From: Happy Food,
To celebrate National Vegetarian Week this year, how about swapping that meaty meal for some tasty and extra-healthy dishes packed with vegetables? With more and more warnings against the high levels of meat the UK currently consumes as well as some meats being high in saturated fats such as sausages and chorizo, swapping meat for antioxidant-rich veg is becoming more popular. A wise choice it is too, as veggie meals are likely to boost energy levels and lower the risk of cardiovascular disease.
Turning vegetarian isn’t just about cutting out the meat - why not use it as inspiration to seek out some new ingredients to add to your culinary repertoire? Try quinoa or pea shoots in your salads, and pack lots of skin-loving avocados into your meals. Our mouths are watering just thinking about it...
If you can’t resist a bacon butty in the morning or as a treat at the weekend, try this quirky recipe for a healthier version of the classic BLT from National Vegetarian Week. Go on, keep your heart and your stomach happy...
Preparation time: 15 minutes (plus 30 minutes chilling time)
Cooking time: 20 minutes
Can be vegan*
1/2 onion, sliced
2 tbsp olive oil
100g mushrooms, chopped
1 standard can baked beans
1/2 tsp paprika
2 garlic cloves, crushed
1/2 tsp chopped fresh thyme
40g grated vegetarian cheese (or vegan ‘cheese’*)
1 free range egg (omit for vegan option*)
20g sundried tomatoes in oil, drained
1 tsp vegetarian Worcestershire sauce
1/2 tsp vegetable stock powder
25g pine nuts
2 tsp wholemeal flour
Salt and pepper to taste
1 free range egg, beaten (omit for vegan option*)

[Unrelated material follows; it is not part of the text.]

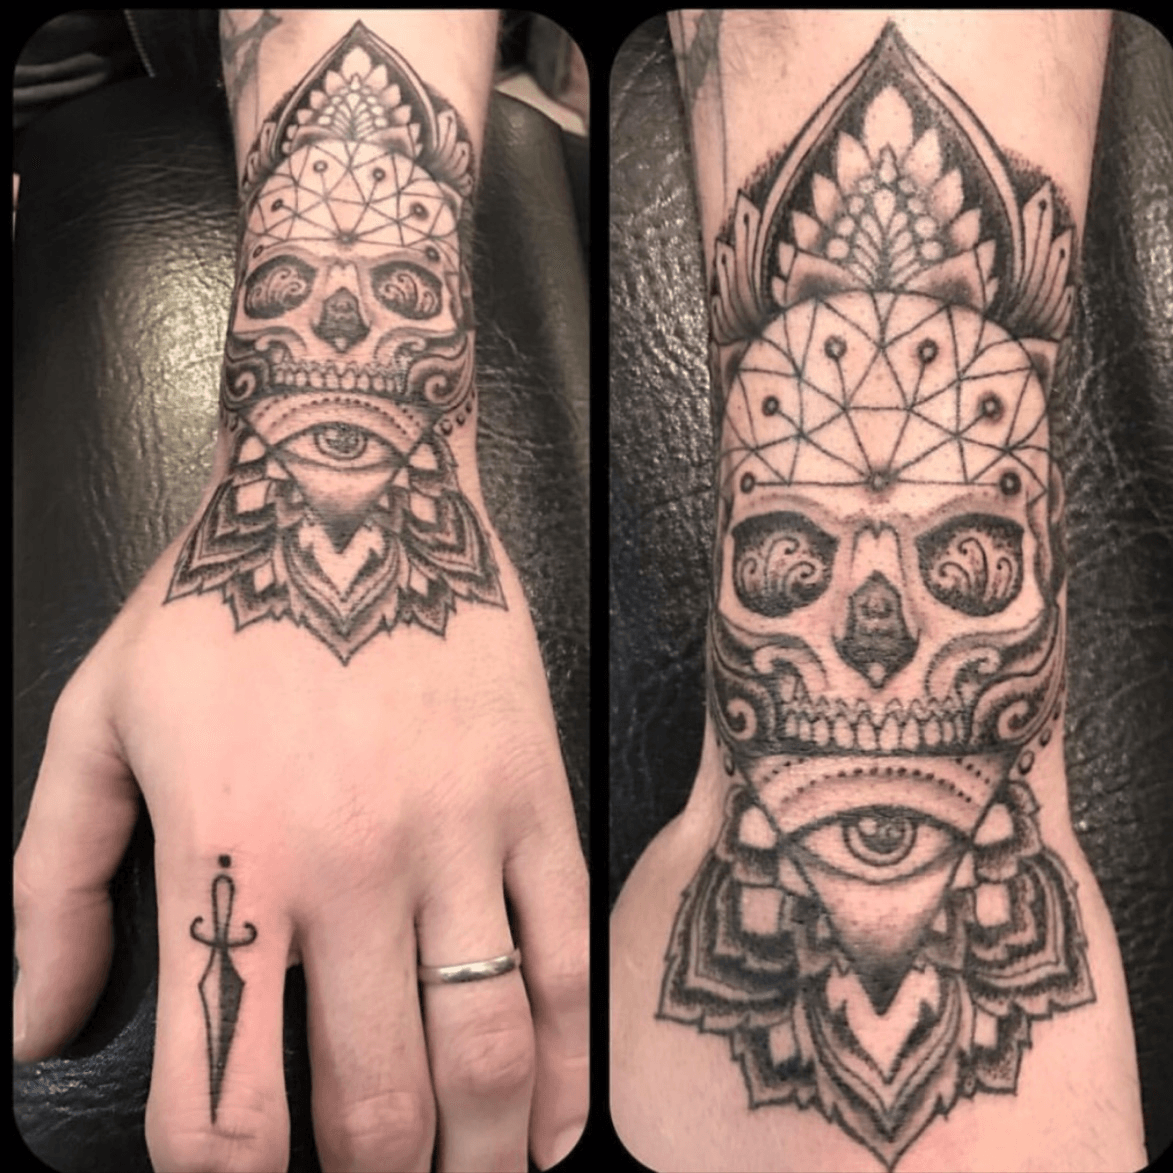 Tattoo uploaded by Inborn Brooklyn  Hand tattoo on jewelry designer  mhartdesigns skull handtattoo seeingeye eye dagger wrist  Tattoodo

50g wholemeal flour seasoned with black pepper and paprika
200g tomatoes, chopped
25g red onion, finely chopped
40g sundried tomatoes, chopped
1 lime, juice only
Black pepper and a little salt
A few salad leaves
4 bread rolls
60g vegetarian cheese (or vegan ‘cheese’*) cut into four slices
1. Gently fry the onion in oil for five minutes until soft, then add the mushrooms. Continue to cook until most of the moisture from the mushrooms has evaporated. While this is cooking divide the tin of beans into two. Set half the can of beans aside and drain off the sauce on the remaining half.
2. Place the cooked onion, mushroom and drained baked beans in a food processor with the paprika, garlic, thyme, cheese, free range egg (*omit if vegan), sundried tomatoes, vegetarian Worcestershire sauce, stock, breadcrumbs, pine nuts and wholemeal flour. Season with salt and pepper and whizz for 10 seconds. Allow the mixture to chill in the fridge for at least 30 minutes.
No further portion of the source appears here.